(Input data)

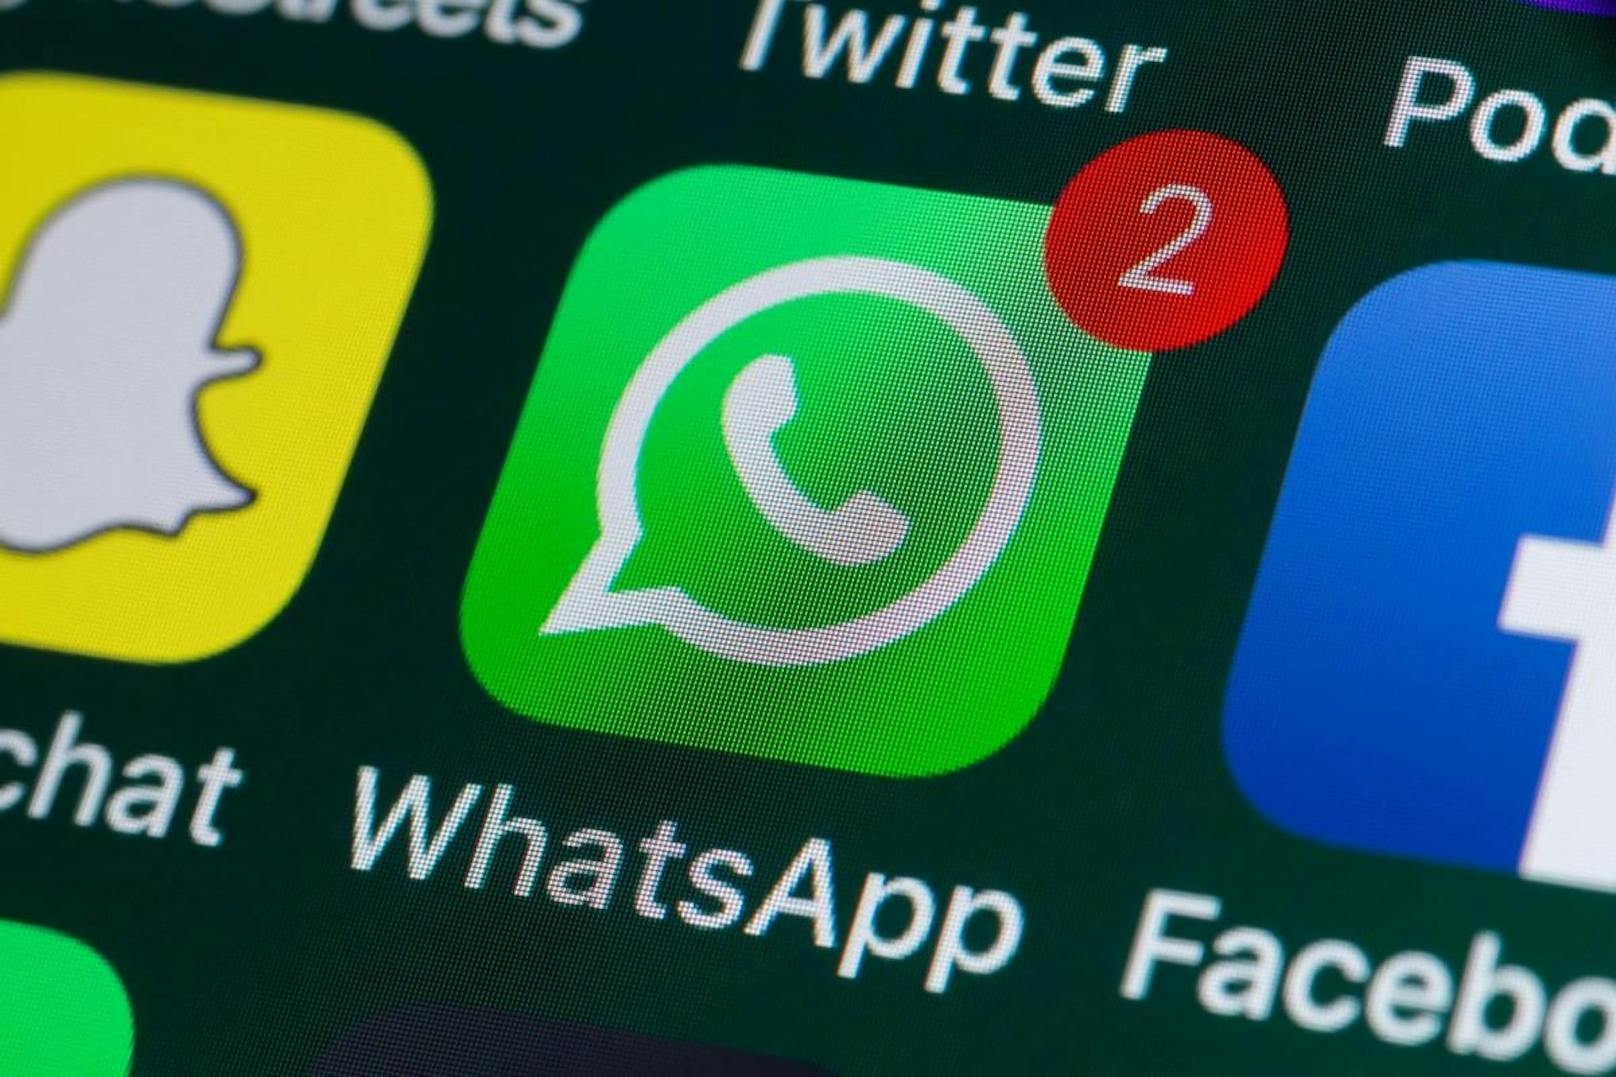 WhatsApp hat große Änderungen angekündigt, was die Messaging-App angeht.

(End Input data)
(Input data)

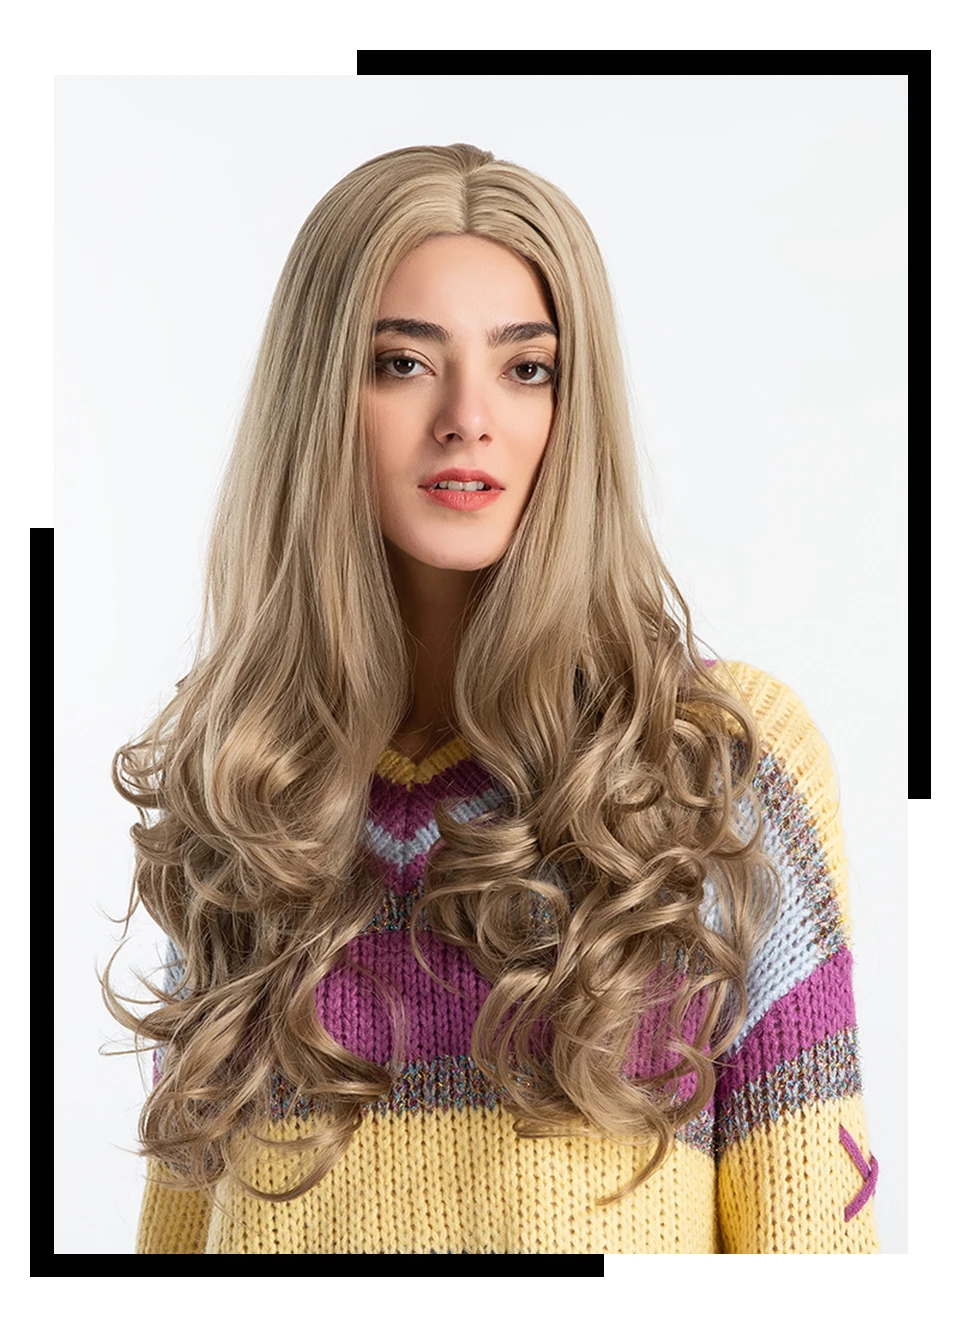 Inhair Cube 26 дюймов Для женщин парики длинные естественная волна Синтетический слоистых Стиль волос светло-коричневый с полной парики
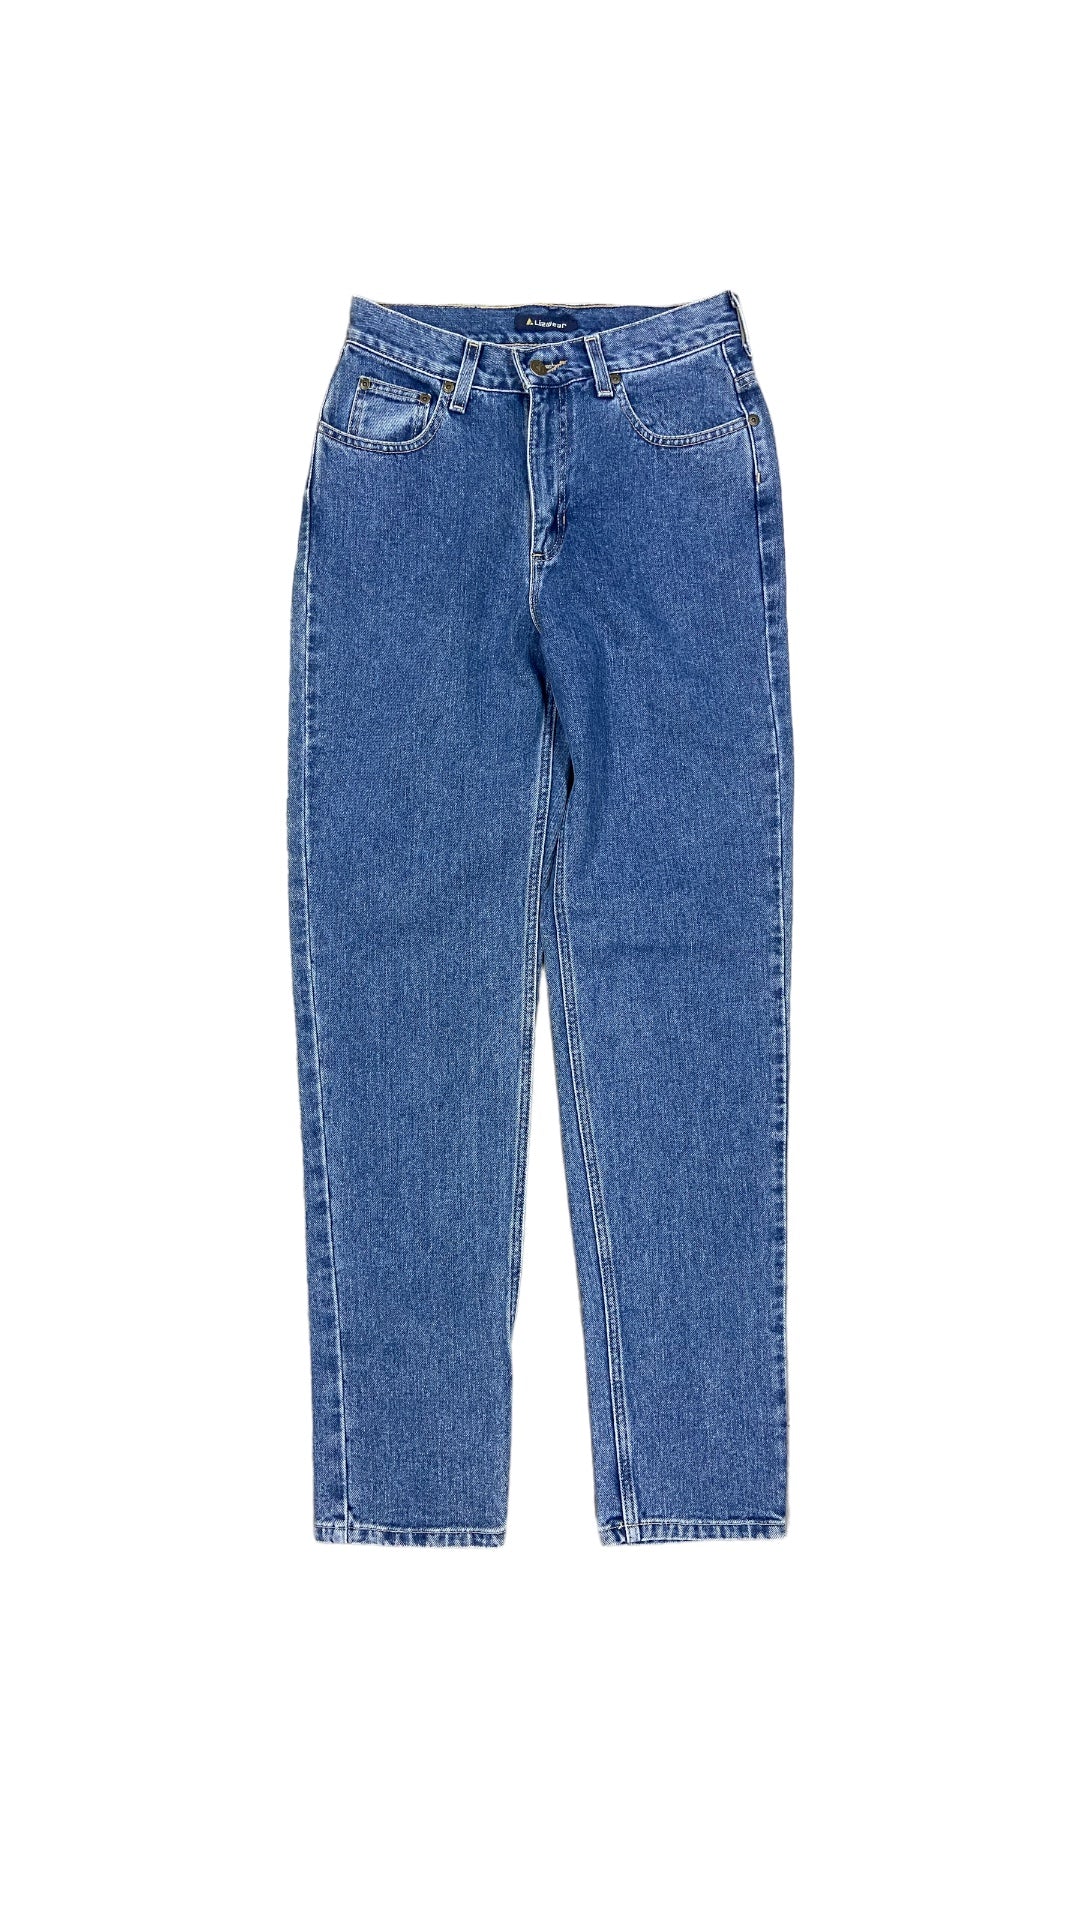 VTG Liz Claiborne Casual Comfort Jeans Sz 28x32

(End Input data)

# Aim of the exercise
Set down exactly the lines above, from the line containing "Inhair Cube 26" through the line containing "VTG Liz Claiborne". Skip the pictures.

# Output of the task
 Inhair Cube 26 дюймов Для женщин парики длинные естественная волна Синтетический слоистых Стиль волос светло-коричневый с полной парики
 VTG Liz Claiborne Casual Comfort Jeans Sz 28x32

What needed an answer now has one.